A homeless man has been charged after a driver in a convertible was attacked with a squeegee in downtown Toronto.

The vintage convertible was stopped at the Dundas Street and Spadina Avenue intersection shortly before noon on Thursday when it was approached by a man with a squeegee, police said.

The driver said he told the man not to wash the car. The man then began hitting the vehicle with the squeegee, and jumped into the car, the driver told police.

Police said the man was begging for money.

"The gentleman was aggressively panhandling at the time," Det. Peter Karpow told CTV.ca.

Derek Leonard, 27, of no fixed address, faces one charge of assault with a weapon.

The altercation, the latest incident involving panhandlers in Toronto, prompted one city councillor to call for a crackdown.
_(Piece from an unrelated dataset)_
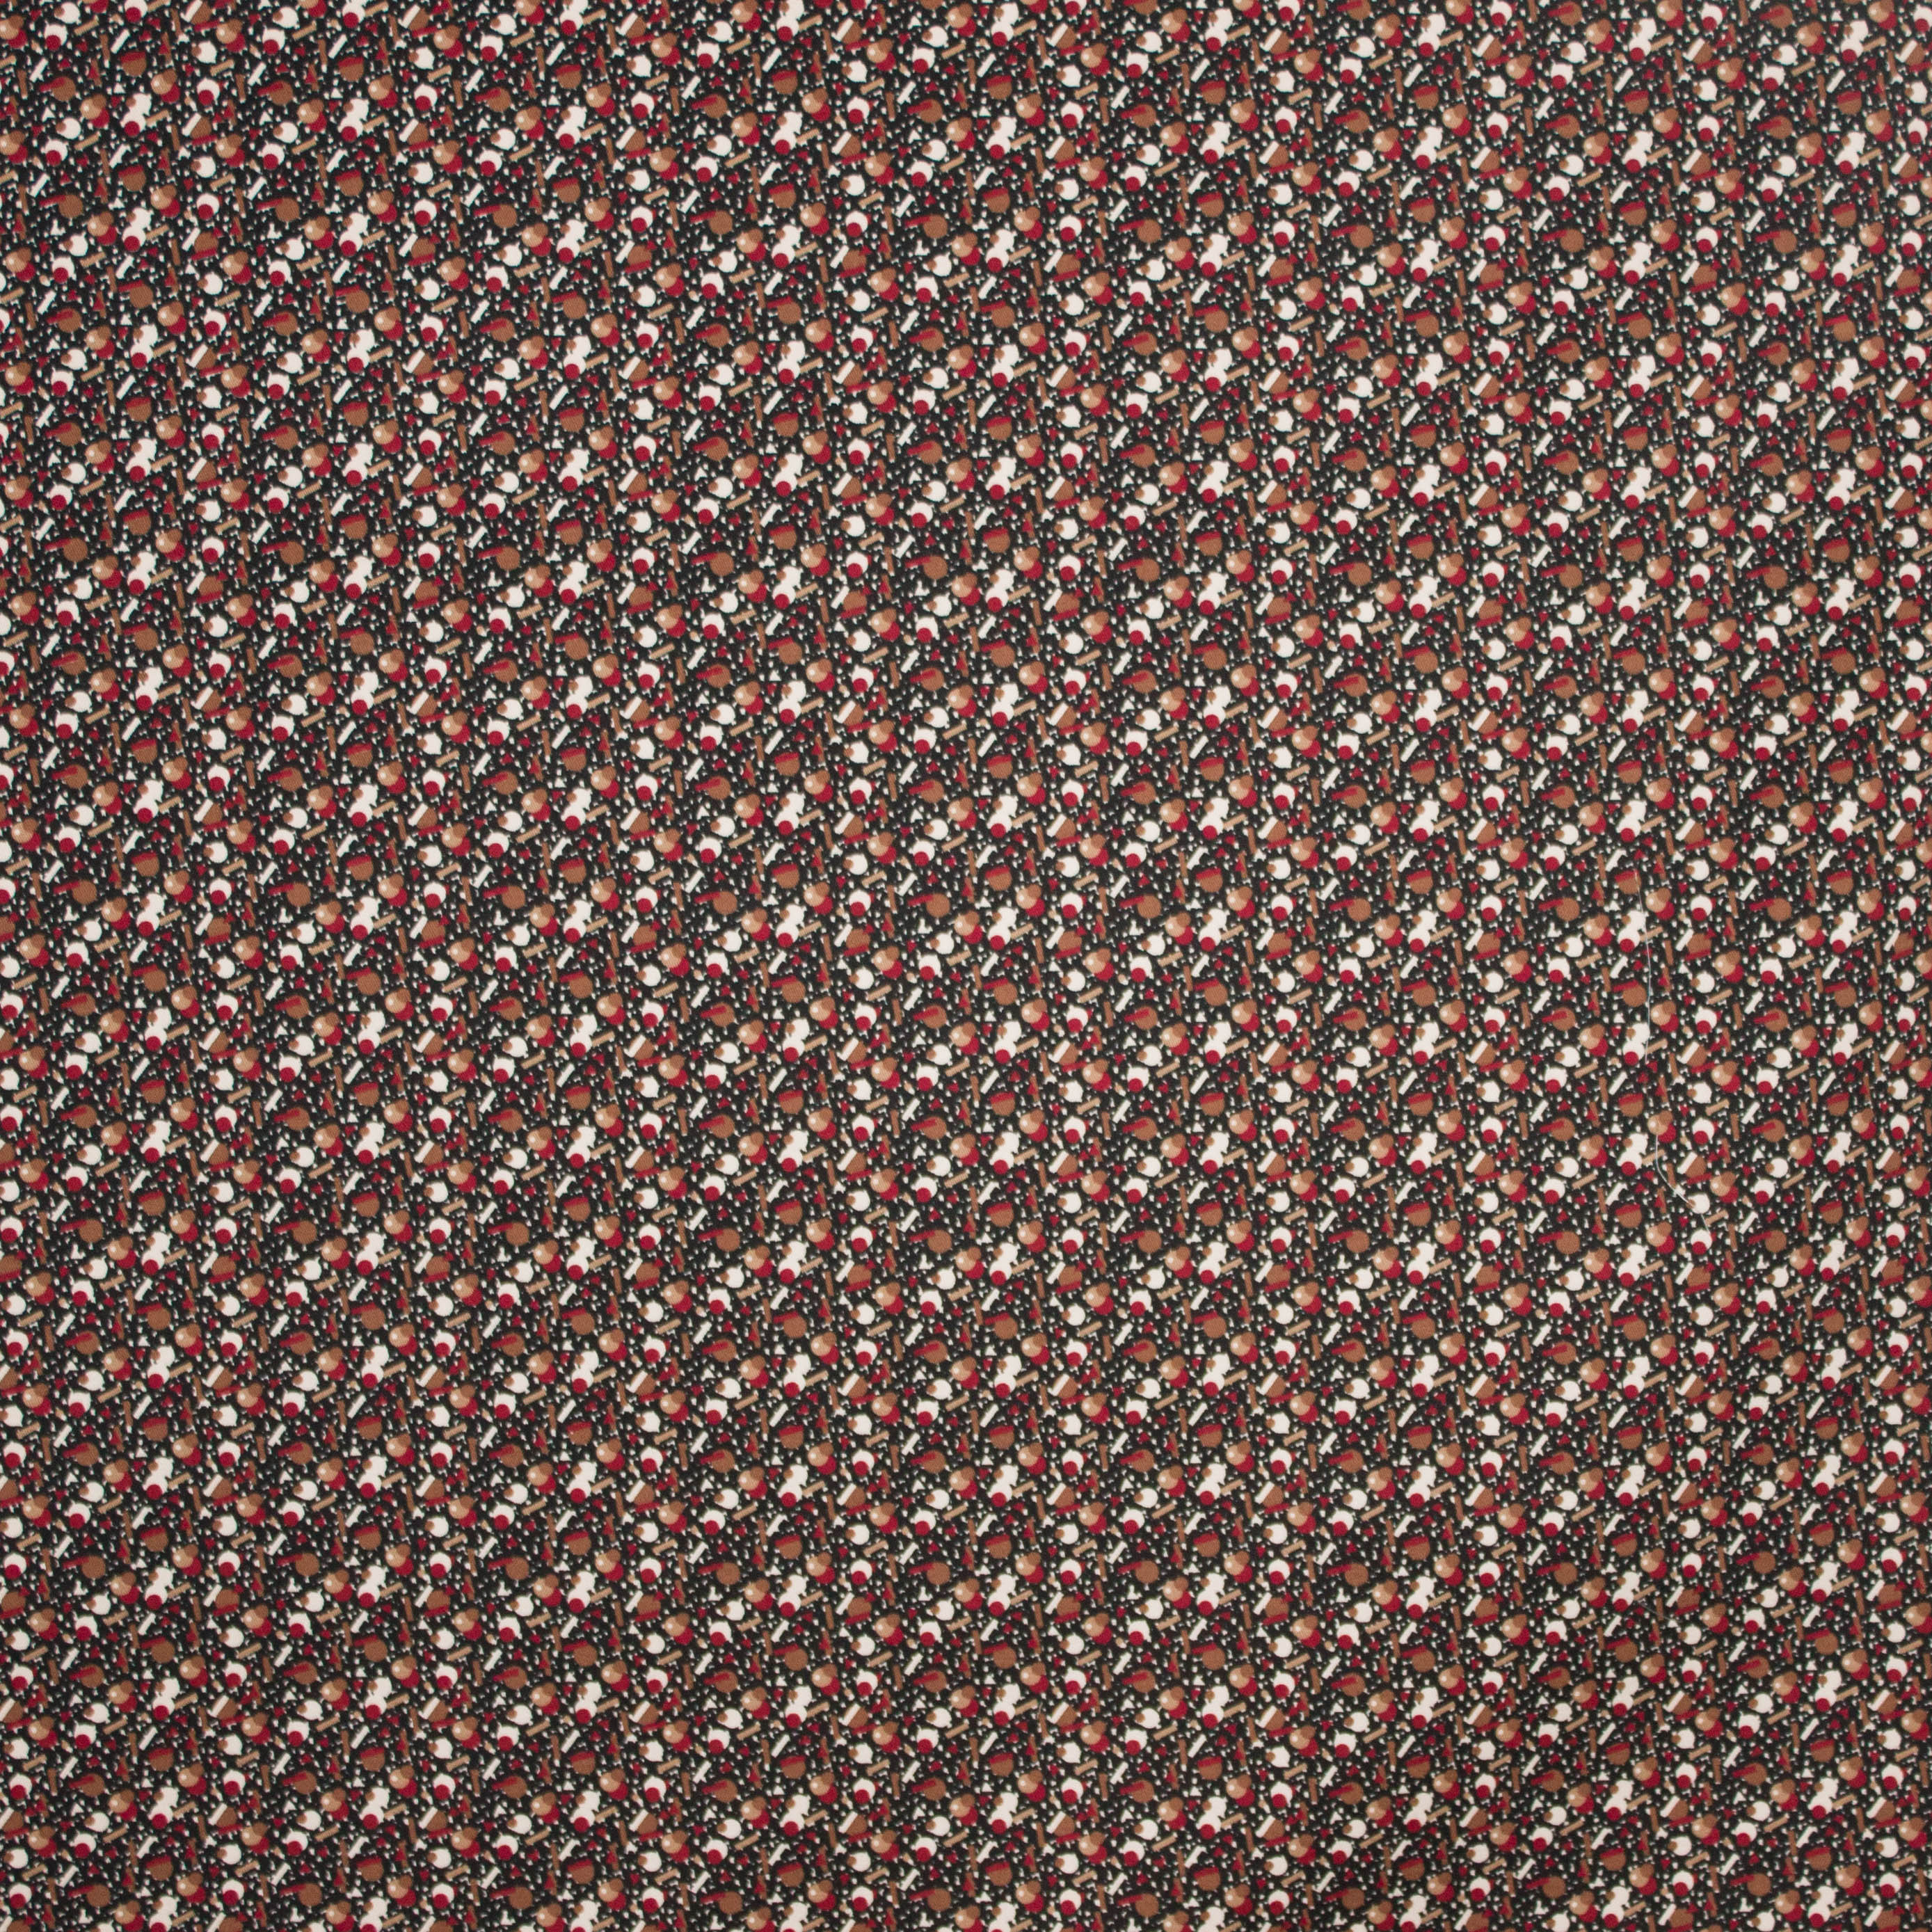 Licht elastische zwarte katoen met rood-bruine geometrische figuren

"The downtown area is out of control with panhandlers, squeegees, and so on, and the public is generally fed up," Coun. Case Ootes said.

A woman named Mary, who runs a downtown parking lot, believes young panhandlers are just lazy.

"Most kids are having it very easy right now," she said. "People are feeding them, and everybody's helping them out -- they don't want to help themselves."

CTV News talked to one young panhandler, who agreed.

"I'm too lazy to do anything ... work bores me," he said.

The panhandler issue in Toronto came to the forefront when a St. Catharines man was beaten and stabbed downtown last month by four transients. The victim later died of his injuries.